Instructor: Daniel Carter
Week of April 22

Description
This module presents an introduction to data infrastructures. Sometimes, the hardest part of doing research or teaching isn’t the specific skills involved—it’s putting together an infrastructure so you can actually use (or teach) those skills. Anyone who’s tried to setup a robust environment to work with Python knows what a pain figuring out dependencies, software versions and virtual environments can be.

Objectives

  • Understand the goals of creating a data infrastructure for research and teaching
  • Setup and use RStudio Cloud, an interactive development environment (IDE) for R programming.
  • Optional: Comprehend the elements of R programming

The videos in this module reference projects hosted on RStudio Cloud. You should each have received an invitation by email to join the module workspace; if you have problems, please email Daniel (dcarter [at] txstate.edu). The overview project provides a written summary of most of the content covered in the videos and is also available as a PDF that models the principles covered here.
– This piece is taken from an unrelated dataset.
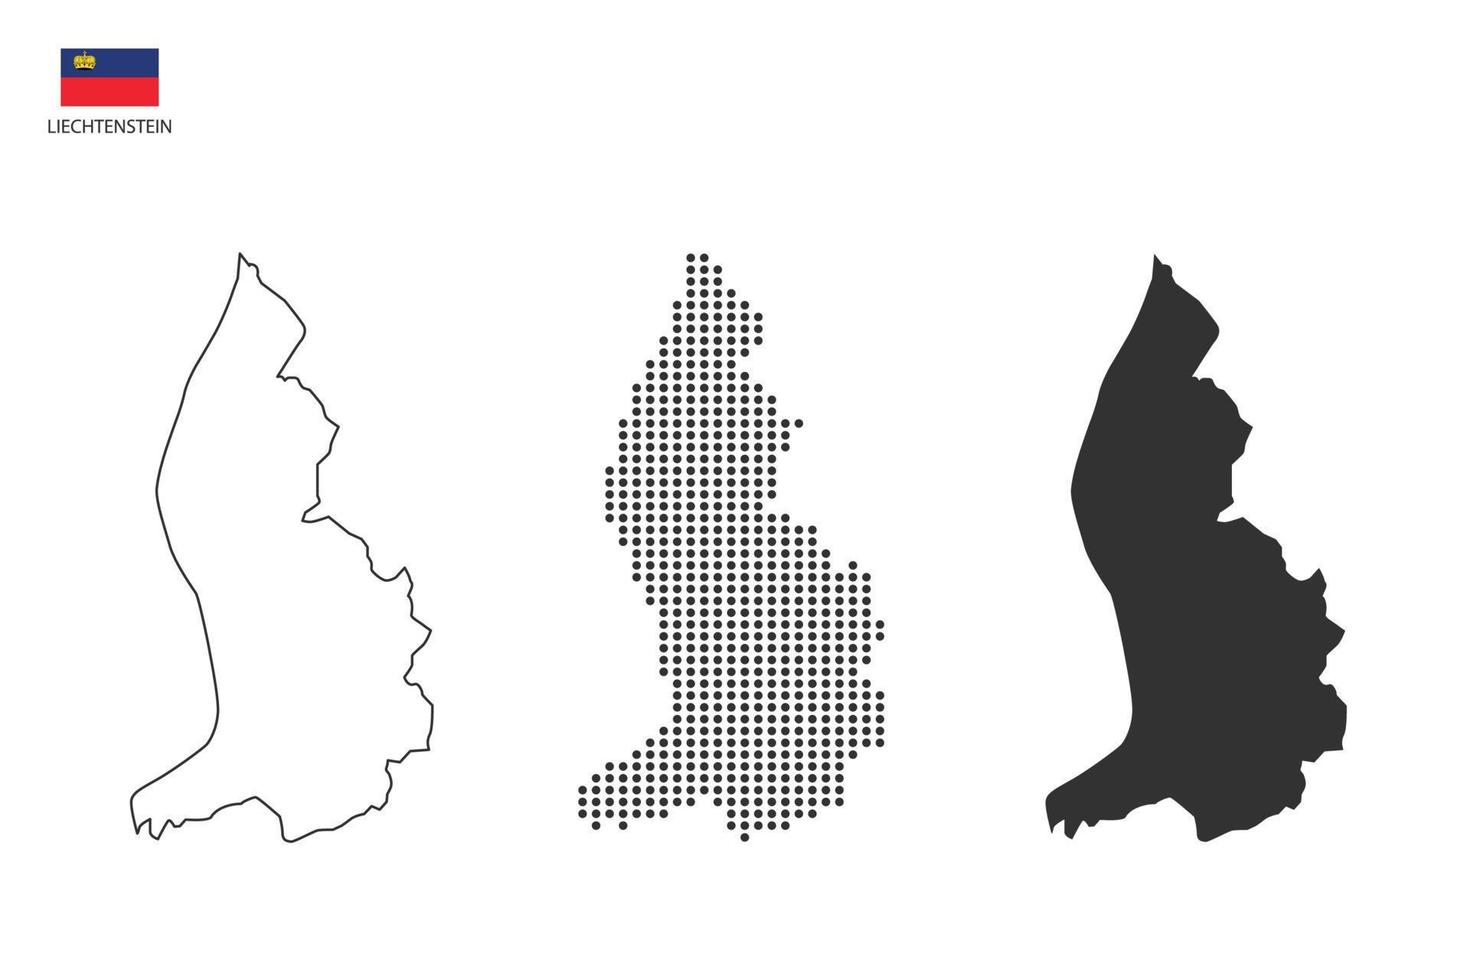 3 versies van Liechtenstein kaart stad vector door dun zwart schets eenvoud stijl, zwart punt stijl en donker schaduw stijl. allemaal in de wit achtergrond.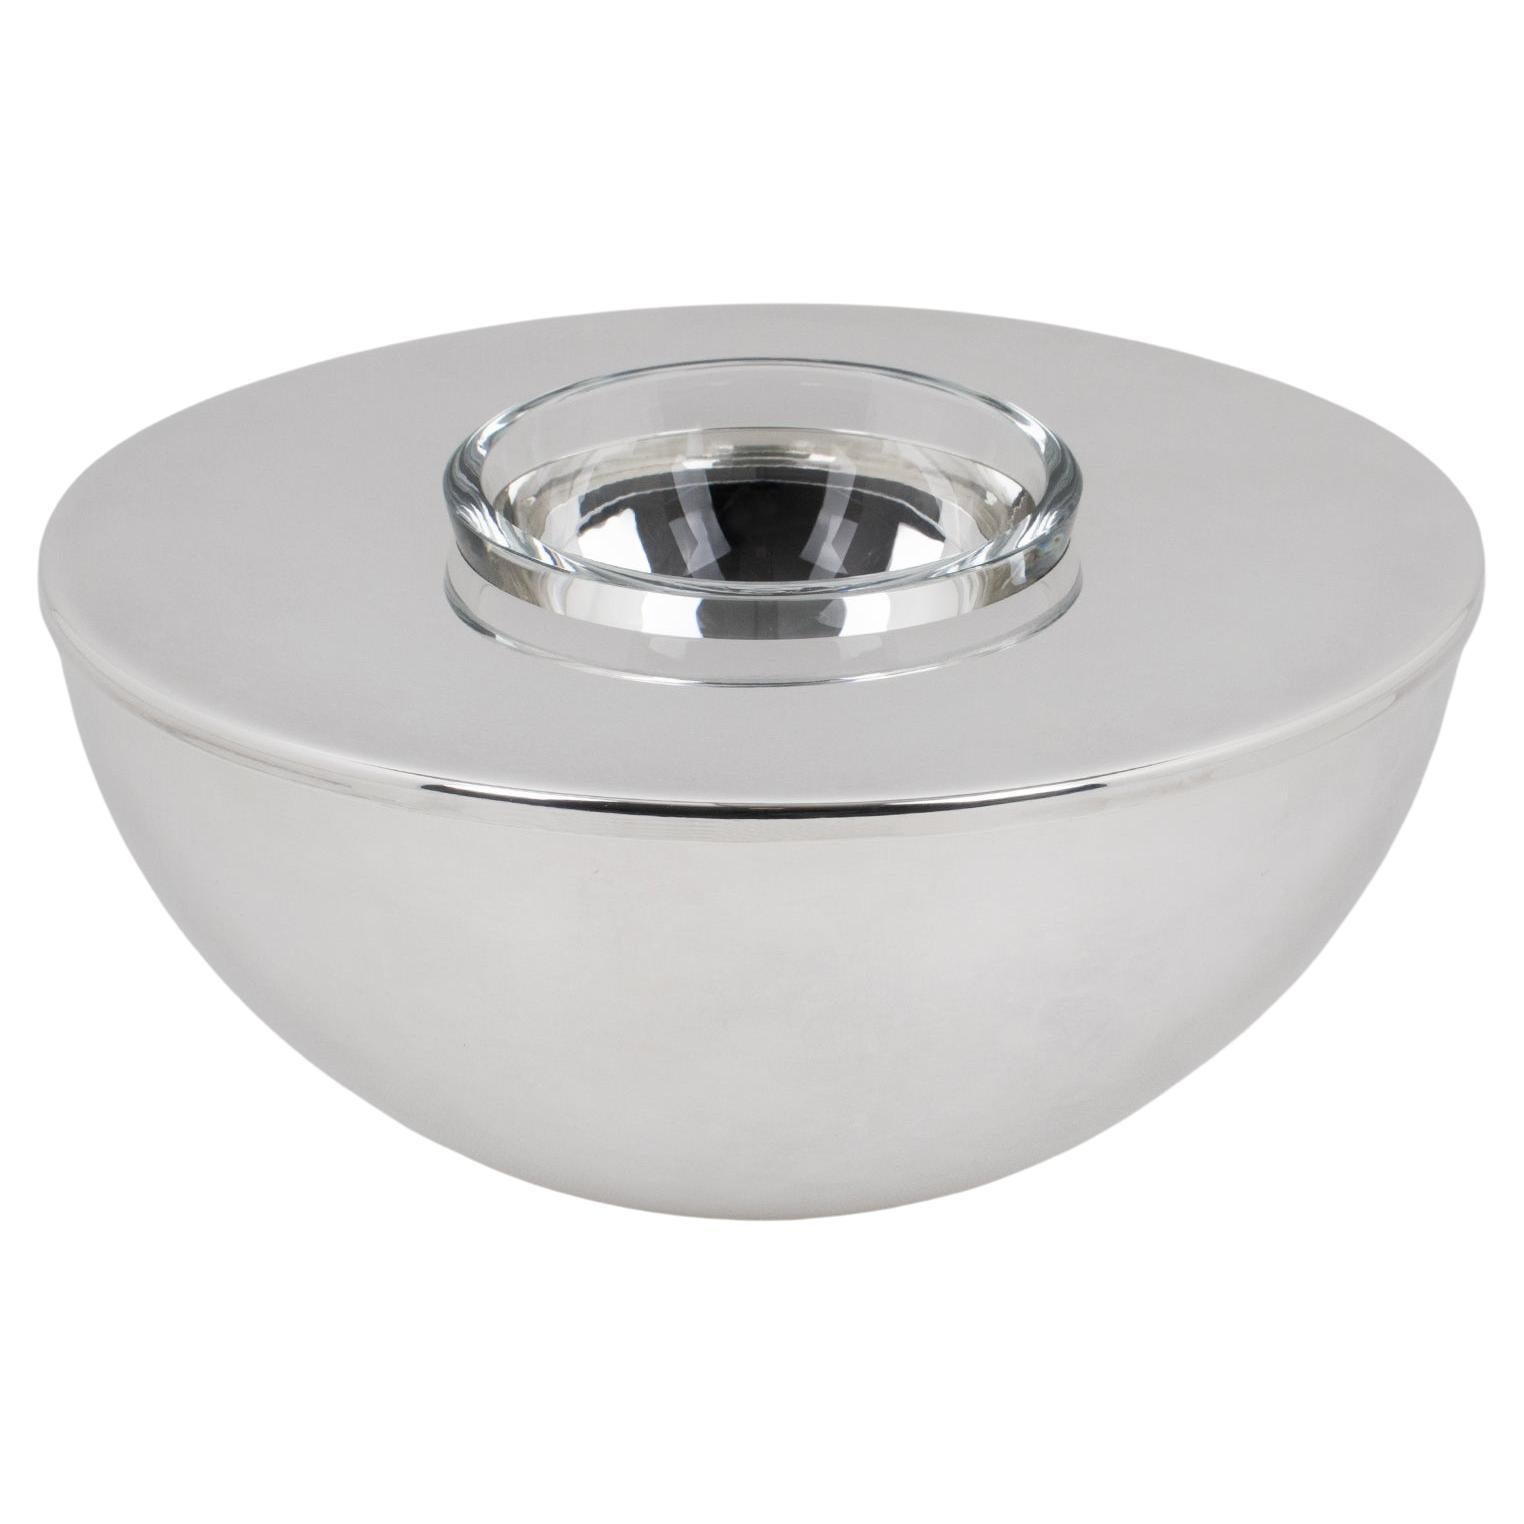 Swid Powell for Calvin Klein Silver Plate and Crystal Caviar Bowl Dish Chiller (assiette réfrigérante en métal argenté et cristal) en vente

In the first video, we cover the goals of a data infrastructure, focusing on the concepts of literate programming and reproducible research. The second video covers the R programming ecosystem and introduces you to RStudio Cloud, which we’ll use in the third video to look at examples related to research and teaching. An optional fourth video gives a very brief introduction to programming in R.






Discussion and Assignment
After viewing the first three (short) videos, please write a Slack post on #datainfrastructures reflecting on your personal needs (research, teaching or both) related to data infrastructures. You might discuss your current infrastructure, past successes or failures and/or plans for the future.


Further Reading

  • Adam Rule, Aurélien Tabard, and James D. Hollan. 2018. Exploration and Explanation in Computational Notebooks. In Proceedings of the 2018 CHI Conference on Human Factors in Computing Systems (CHI ’18). ACM, New York, NY, USA, Paper 32, 12 pages. DOI: https://doi.org/10.1145/ 3173574.3173606
  • Çetinkaya-Rundel, Mine, and Colin Rundel. “Infrastructure and tools for teaching computing throughout the statistical curriculum.” The American Statistician 72.1 (2018): 58-65.
  • Grolemund, G., & Wickham, H. R for Data Science. Retrieved from http://r4ds.had.co.nz/
  • Hicks, S. C., & Irizarry, R. A. (2018). A guide to teaching data science. The American Statistician, 72(4), 382-391.
  • Horton, N. J., Baumer, B. S., & Wickham, H. (2014). Teaching precursors to data science in introductory and second courses in statistics. arXiv preprint arXiv:1401.3269.
  • Knuth, D. E. (1984). Literate programming. The Computer Journal, 27(2), 97-111.
  • Shum, S., & Cook, C. (1994, March). Using literate programming to teach good programming practices. In ACM Sigcse Bulletin (Vol. 26, No. 1, pp. 66-70). ACM.
  • Stander, J., & Dalla Valle, L. (2017). On Enthusing Students About Big Data and Social Media Visualization and Analysis Using R, RStudio, and RMarkdown. Journal of Statistics Education, 25(2), 60-67.